In summary, we may need to edit the tags or Attributes as below.

  1. We need tags that correlate the top label (master) and subordinate label (slave) as a hierarchical structure.

  2. We need a tag that we were independent companies from years to years.
    For example, Virgin Records.

  3. We need a tag to indicate how many years have been integrated into the new enterprise in bulk, or have been split and transferred like EMI.

  4. We need a tag of what the joint venture was, depending on the region.
    For example Japan Toshiba EMI.

  5. We also need a variety of tags related to the rights relationship, for example, if it is a movie theme song like Star Wars.

These are the things I came up with for a little bit of time.
If we plan precisely, we may need more tags or Attributes.

After such difficulties, should we be satisfied with the accumulation of a large number of meta-information?
So how does someone visualize them?
There is a problem.
If the MB provides an API to output JSON, it might be fantastic to have someone realize a visualization like a Peter Eades’s Force-directed graph drawing (spring model), or like Gantt chart, and so on.
Or despite our great effort, sadly, the API’s use may not appear.

All I can do is paste the Wikipedia information in the Japanese version.
It is difficult for me to do more precise work.
Anyway, I am neither a historian nor an economic historian.

Do you have any plans?

See the various label-label relationships, both for this one and the other points you ask about. Which relationships are missing to encode the information you’re looking for? Also note that most (if not all?) of these relationships can be dated, so you can specify that Label X was “owned by” Label Y from 2001 to 2007.

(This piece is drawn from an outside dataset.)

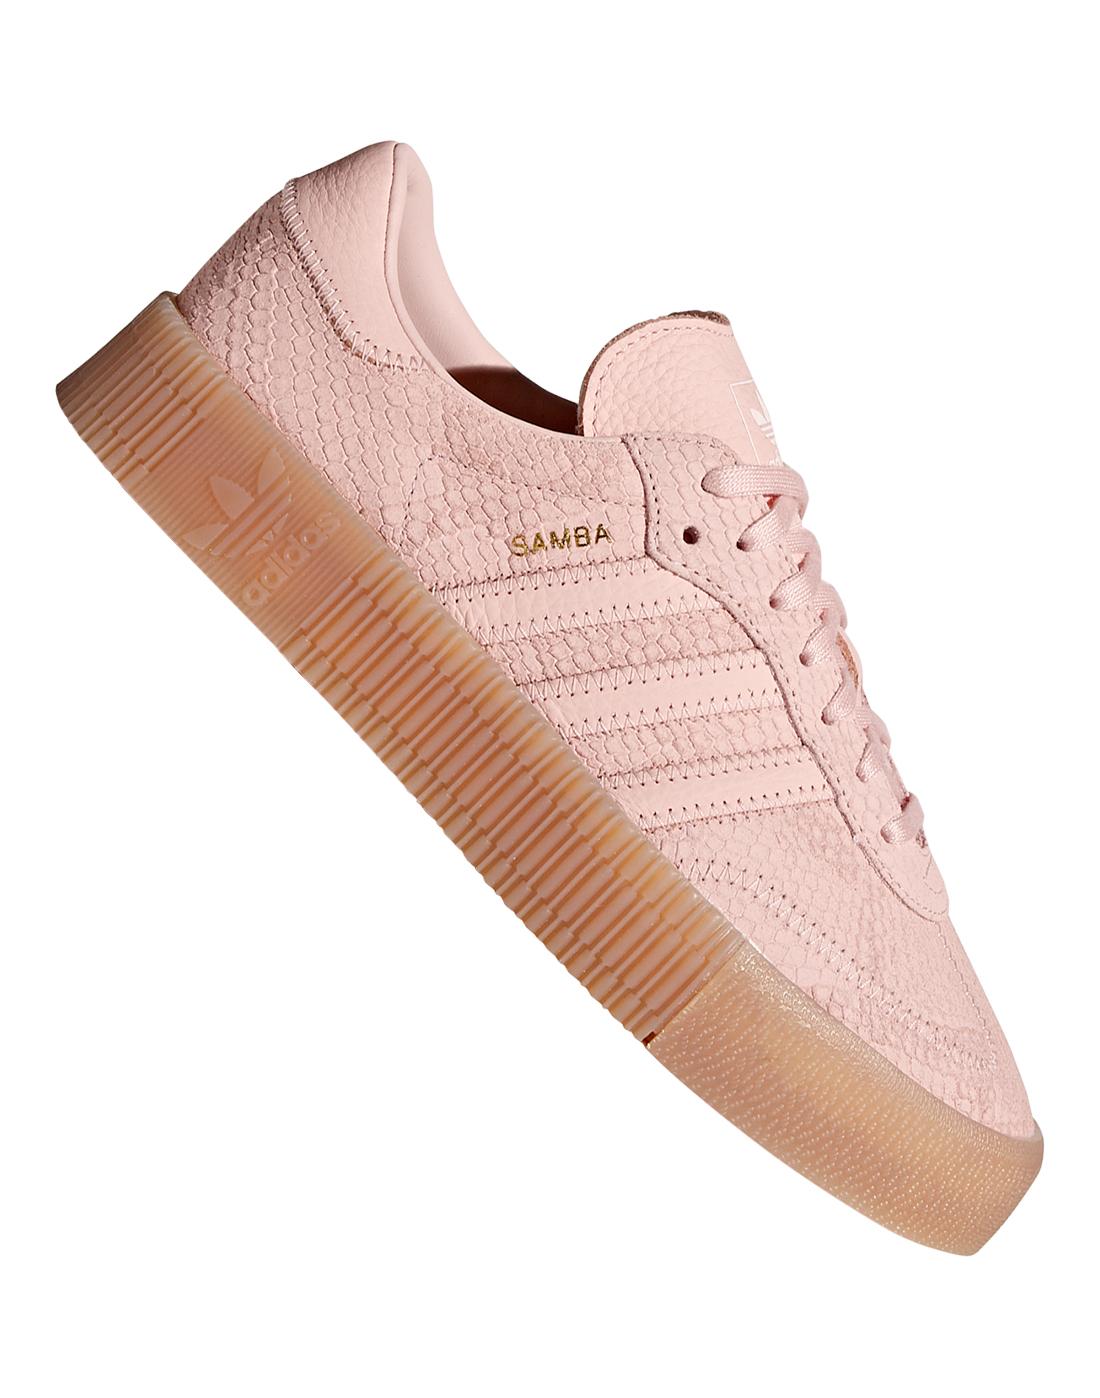 a845c82145f Women's adidas Originals Sambarose   Pink   Life Style Sports

This would be implied by them not being an imprint of or owned by another label, I’d presume. (Of course, not all labels owned by or an imprint of another label is marked as such, but…) – but in this case, it’d probably be better to just fetch the information straight from a copy of the PostgreSQL database.


Thank you. The designers did a wonderful job.
There is a foresight. fantastic!!
To this extent the students of the Doctor course of the Department of Information Engineering will be delighted.
I wonder who will make some software that can see this picture.